Review: Unbreakable Kimmy Schmidt

Written by guest contributor Dave Fox

Online streaming services like Amazon Prime and Netflix have changed the television game over the last few years. Starting life content to stream films and TV shows people had already seen, they then made the leap into original programming. Ever since Netflix consulted an algorithm to tell them what people wanted to see and produced House Of Cards, they have been scrambling to out do the traditional channels and networks.

Of course, they don't even have to produce their own content all of the time. They also have the option of hoovering up the shows that traditional, risk-averse networks pass on. One such show is Netflix's Unbreakable Kimmy Schmidt, hands down the funniest sitcom of 2015. It was the post-30 Rock creation of Tina Fey and Robert Carlock, originally developed for NBC. According to Fey, the network "weren't feeling confident" about the comedy and so passed it on to Netflix. They made a huge mistake.

Unbreakable Kimmy Schmidt has one of the catchiest theme songs around, and if it sounds familiar, it's because it is. We've all seen viral memes along the same lines: an excitable local resident gets interviewed about a crime, and his words get auto-tuned into an irritatingly catchy song.

12154322The words in the opening credits are shorthand for Kimmy Schmidt's themes: "they alive, dammit. But females are strong as hell". The four women we see emerging from a bunker in the pilot episode's cold open had been held captive in there for fifteen years by a deranged preacher, the leader of a doomsday cult. The first face we see is that of the main protagonist, Kimmy Schmidt (Ellie Kemper). It's not what you might expect. She's not cowed, scared, broken or defeated. Instead, she smiles as bright as sunshine.
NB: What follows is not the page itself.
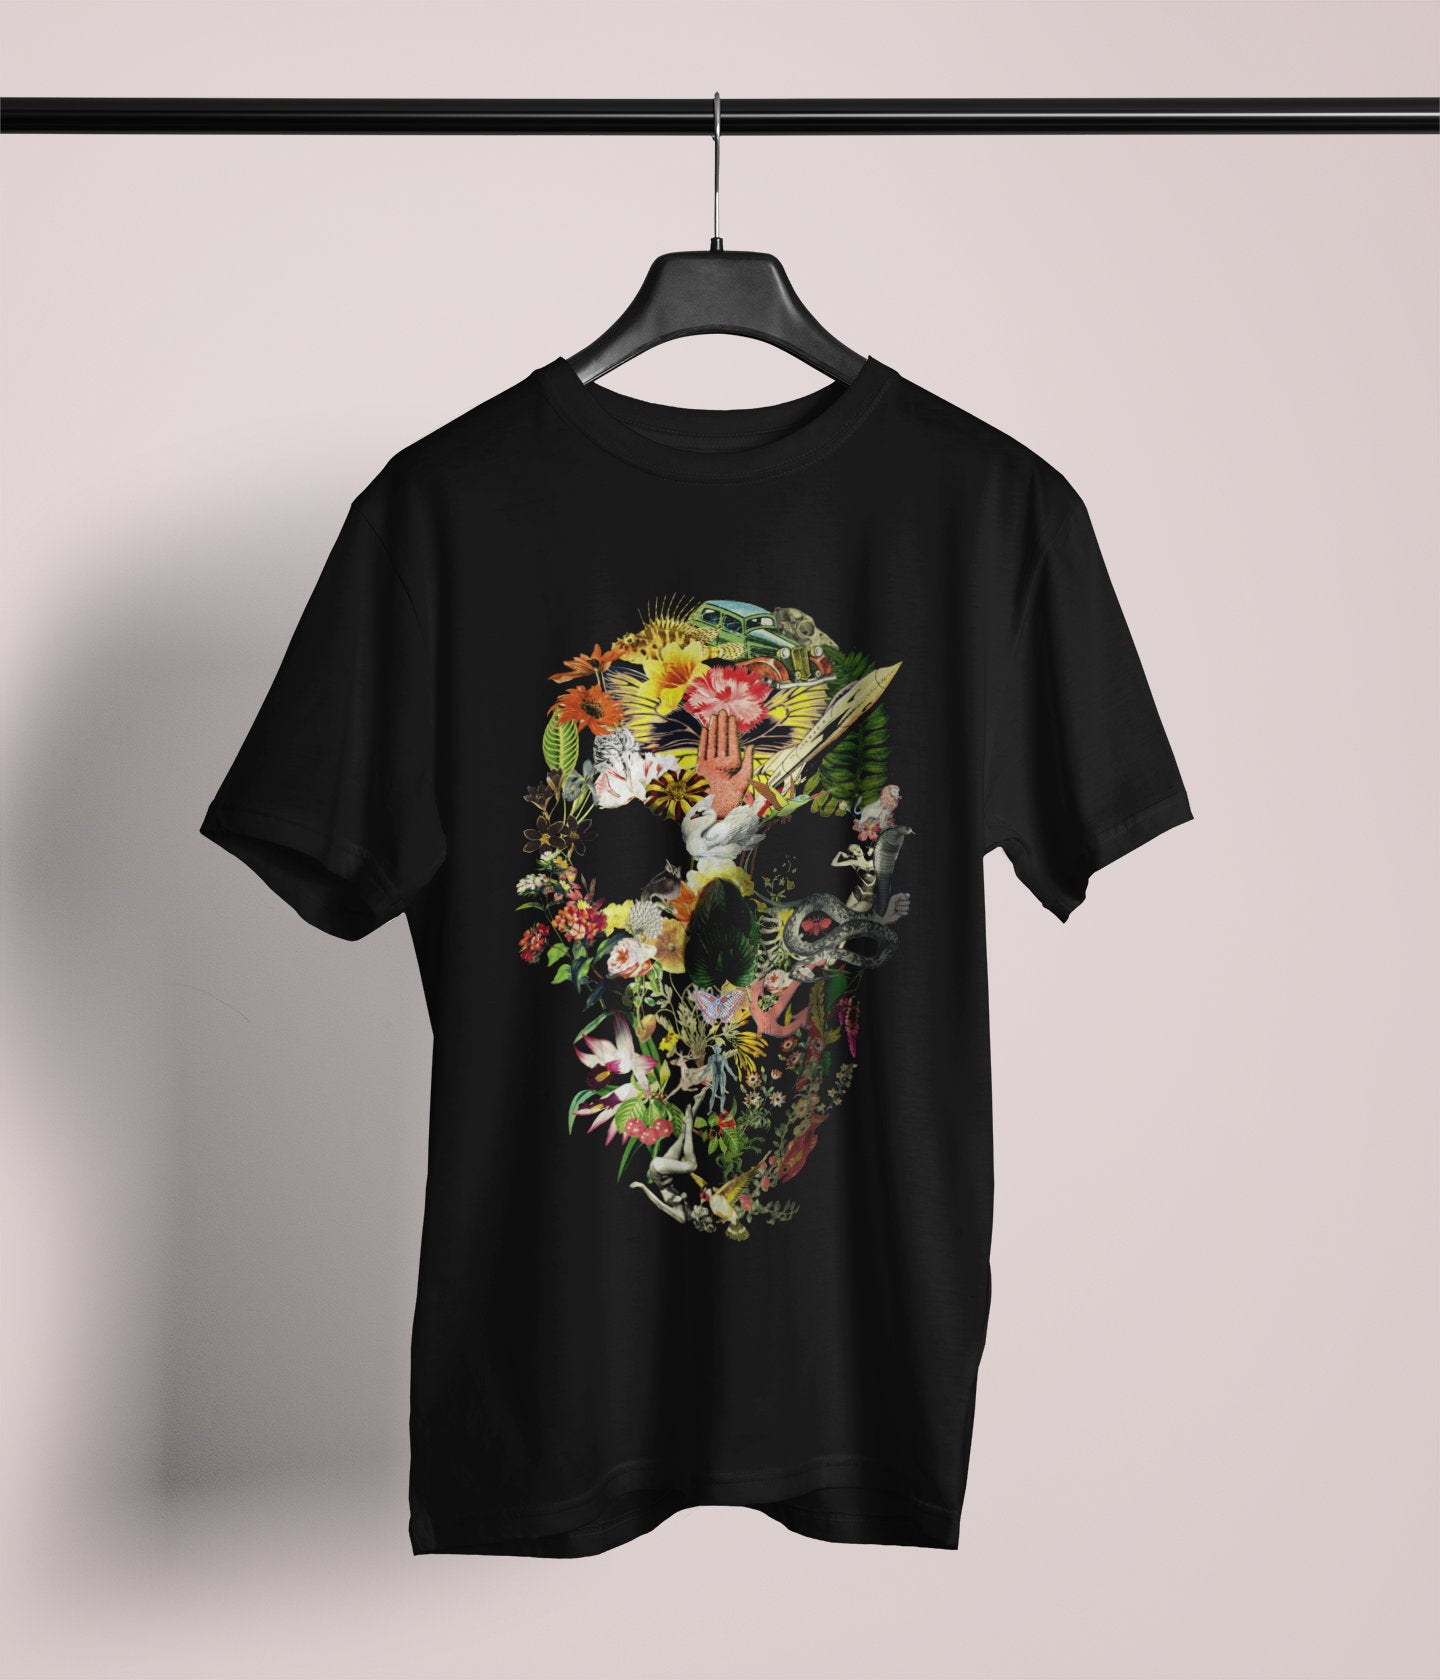 Skull Art Men's T shirt, Sugar Skull Print Shirt Gift For Him, Bella Canvas Gothic Skull T Shirt Gift, Floral Skull Art Unisex Tee Gift

Soon enough, Kimmy and her three bunker-mates are shipped off to New York for a round of television interviews, but as they head back to Durnsville, Indiana afterwards Kimmy decides to make a break for it. She doesn't want to return home where she'll forever be viewed as a victim, one of the "mole women" who escaped from an underground bunker. She resolves to make a clean break and forge a new life for herself in Manhattan.
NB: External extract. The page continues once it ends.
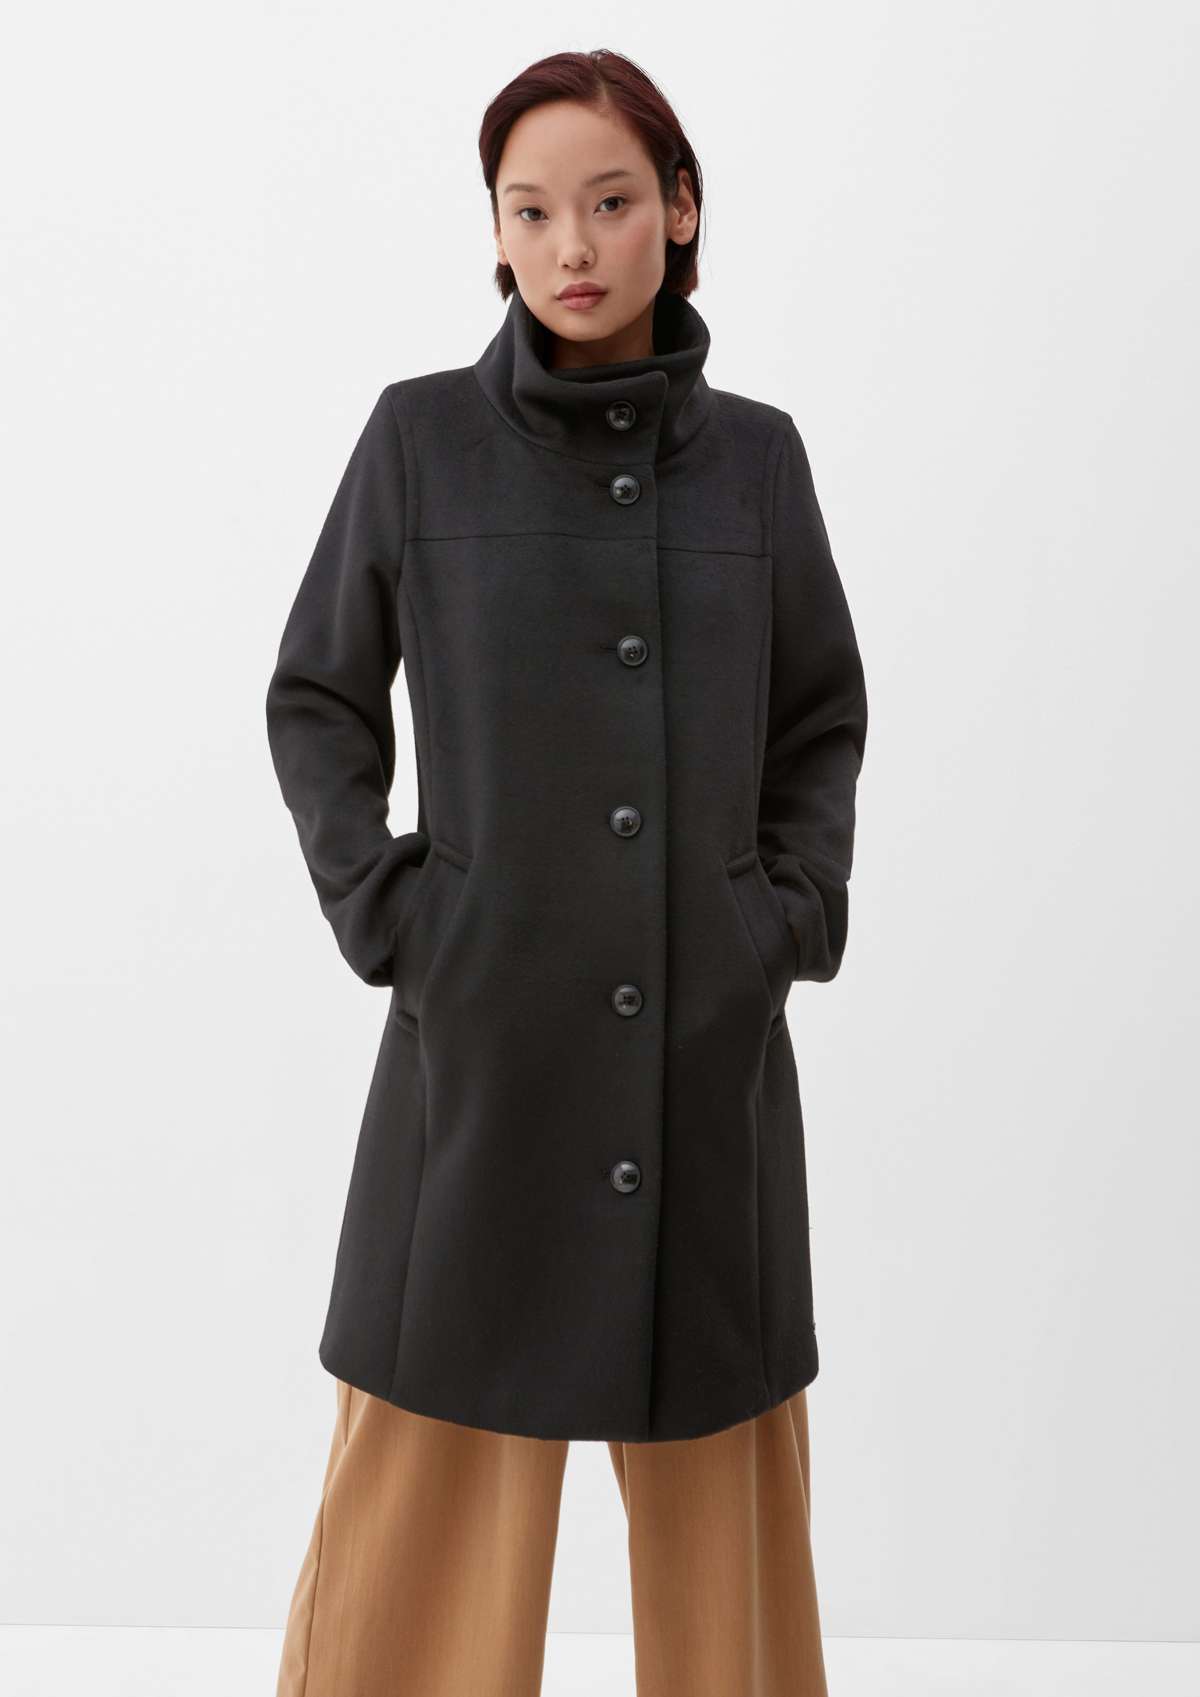 Функциональное пальто из смесовой шерсти в классическом стиле.

She finds herself a tiny basement apartment complete with a crazy landlady (Carol Kane) and an out-of-work gay actor roommate named Titus Adromedon (Tituss Burgess). She even stumbles her way into a job working for Upper East Side socialite Jacqueline Voorhees (Jane Krakowski). Unbreakable Kimmy Schmidt's first season charts Kimmy as she adjusts to her new life and tries to deal with her past - she gets a job, a boyfriend, gets caught in a love triangle and goes back to school. She - accidentally - joins another cult, this one cycling and fitness based and reluctantly attends the trial of the man who kidnapped her, Reverend Richard Wayne Gary Wayne (Jon Hamm).

Ellie Kemper's larger-than-life performance steals the show, but her co-stars have chance to sign too. Tituss Burgess crushes every scene he's in as Kimmy's roommate and 30 Rock alum Krakowski is on career best form as the rich and out of touch Jacqueline.

Unbreakable Kimmy Schmidt is undoubtedly hilarious, but given the subject matter - a woman kidnapped and, it's strongly hinted, abused for 15 years of her life - is rare material for a sitcom, so maybe it's understandable that NBC passed, but the network should have been stronger and had more faith. Unbreakable Kimmy Schmidt doesn't make jokes about dark subjects to offend or shock in the way a lesser show would. They aren't exploitative, and Kimmy's such a well drawn character that she is more than her traumatic past. Her story didn't end when she came out of that bunker.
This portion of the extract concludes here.